Bożeń is a village in the administrative district of Gmina Wołów, within Wołów County, Lower Silesian Voivodeship, in south-western Poland.

The first mention of the village lies in the bronze age, in the years 900-700 B.C. During the 14th century Bożeń came under Bohemian King John of Luxembourg. Later the place was returned to Poland. Germany used to call place Buschen, but in 1483 documents mention it as Boschenn.

There was a mill in the village and residents' free time was spent in an inn. In 1841 an Evangelical school was organised in the village and teachers were recruited. Around 1910 a new school building was built. In 1889, road construction was completed that joined it to Wińsko. In 1925, the population was 236 persons, with 222 Evangelicals and 14 Catholics. In 1939 the population was 210.

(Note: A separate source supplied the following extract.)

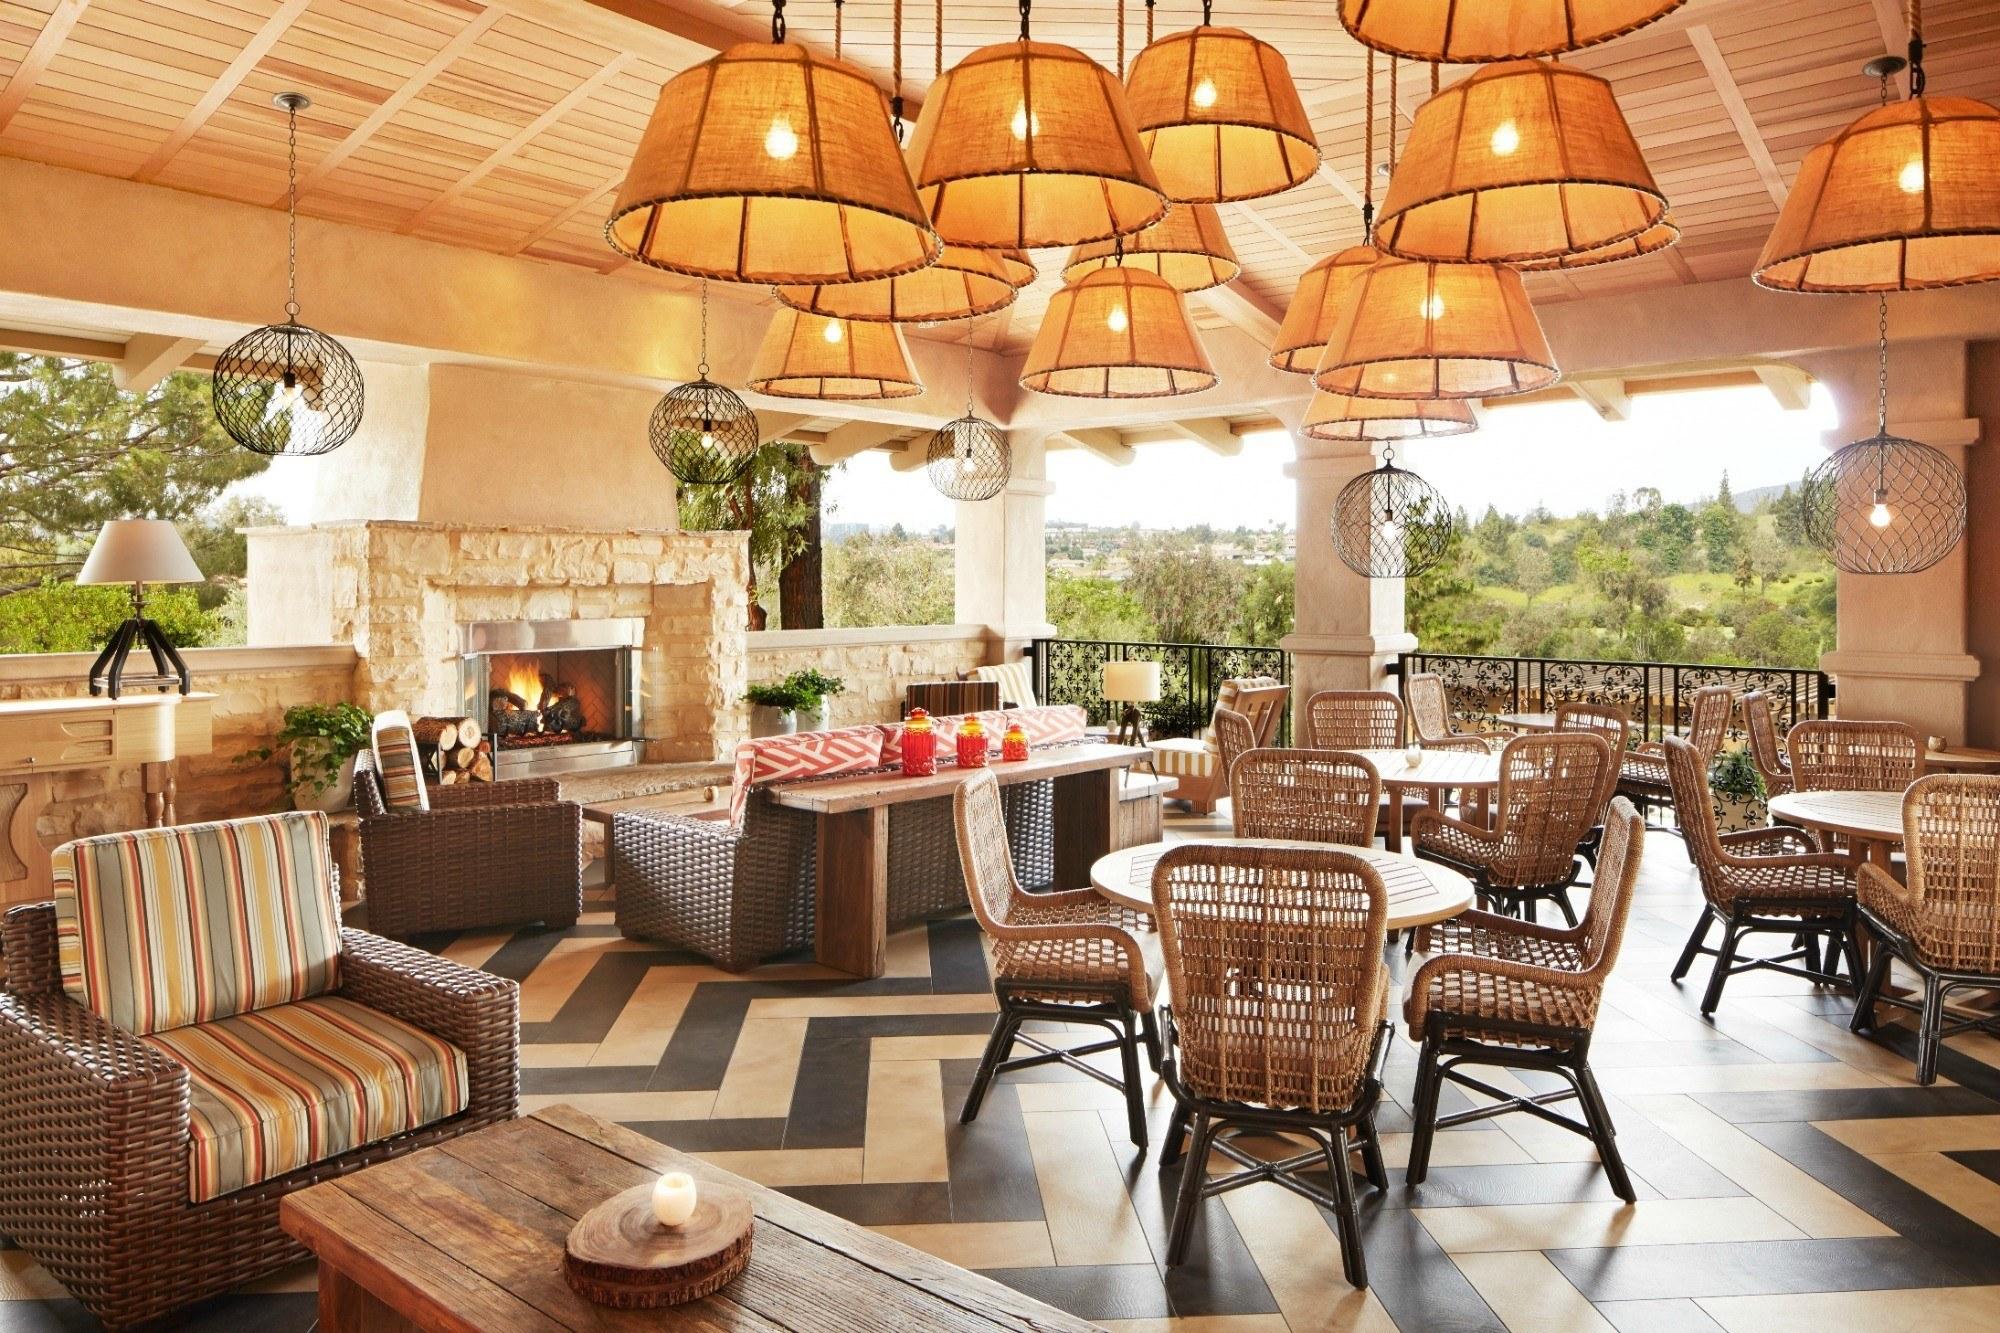 The Rancho Bernardo Inn is one of San Diego's best luxury hotels.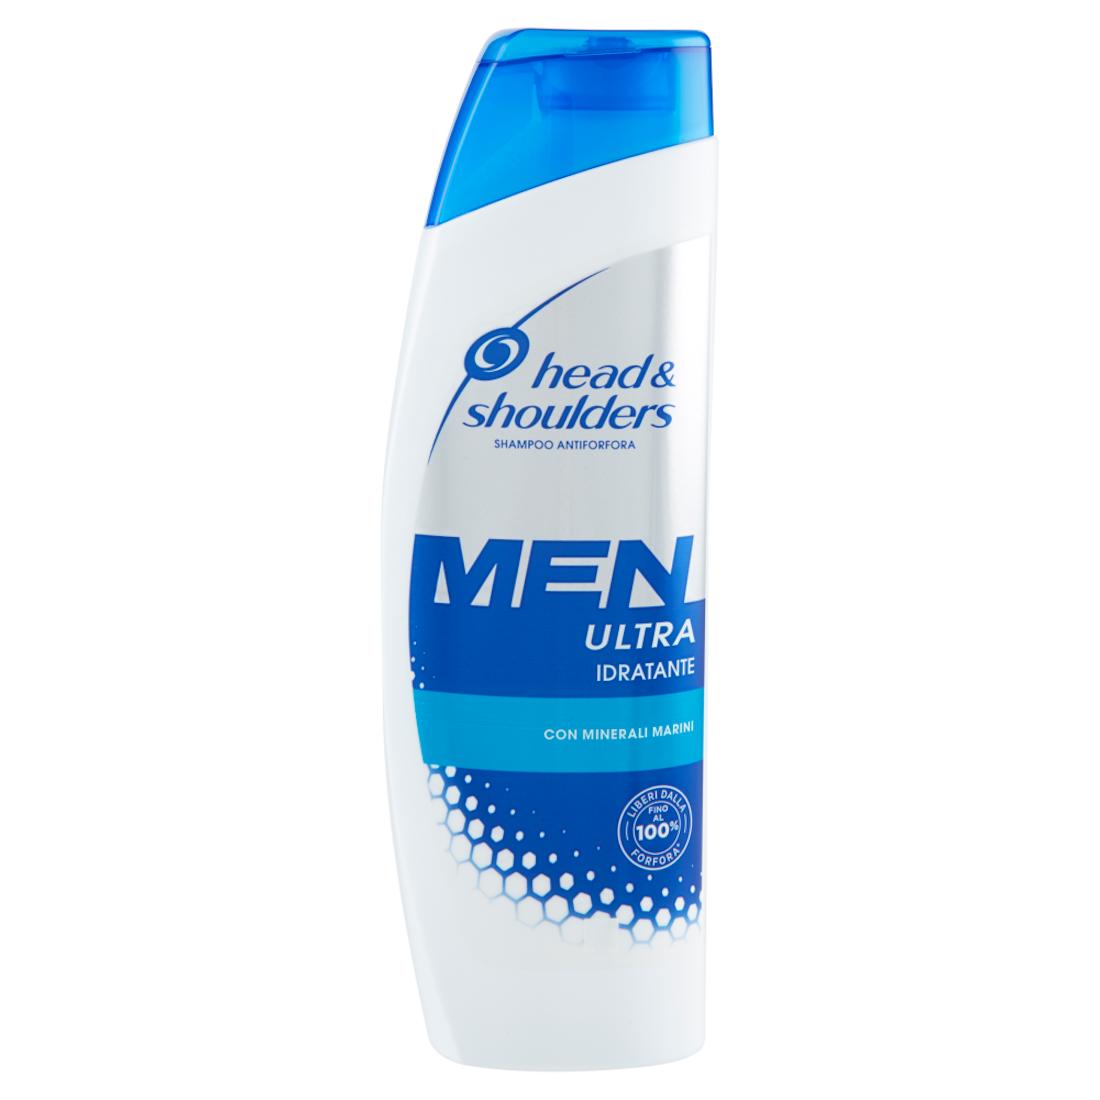 HEAD&SHOULDERS Men Ultra Idratante Shampoo Antiforfora 225ml

After World War II, the village was named Bożeń. In the communist period, farms were established that specialised in cattle. That contributed considerably to rural development and 18 apartment blocks were built for persons employed in the agricultural establishment. After 1995, the plant was leased to a private firm dealing with milk and plant production.

During the years 1975-1998 the place administratively belonged to the Wroclaw Voivodeship.

In the village is the church of St. Mary belonging to the parish in Moczydlnicy. Since 2005, there have been annual festivities organized by the Culture Centre.

The village has an approximate population of 500.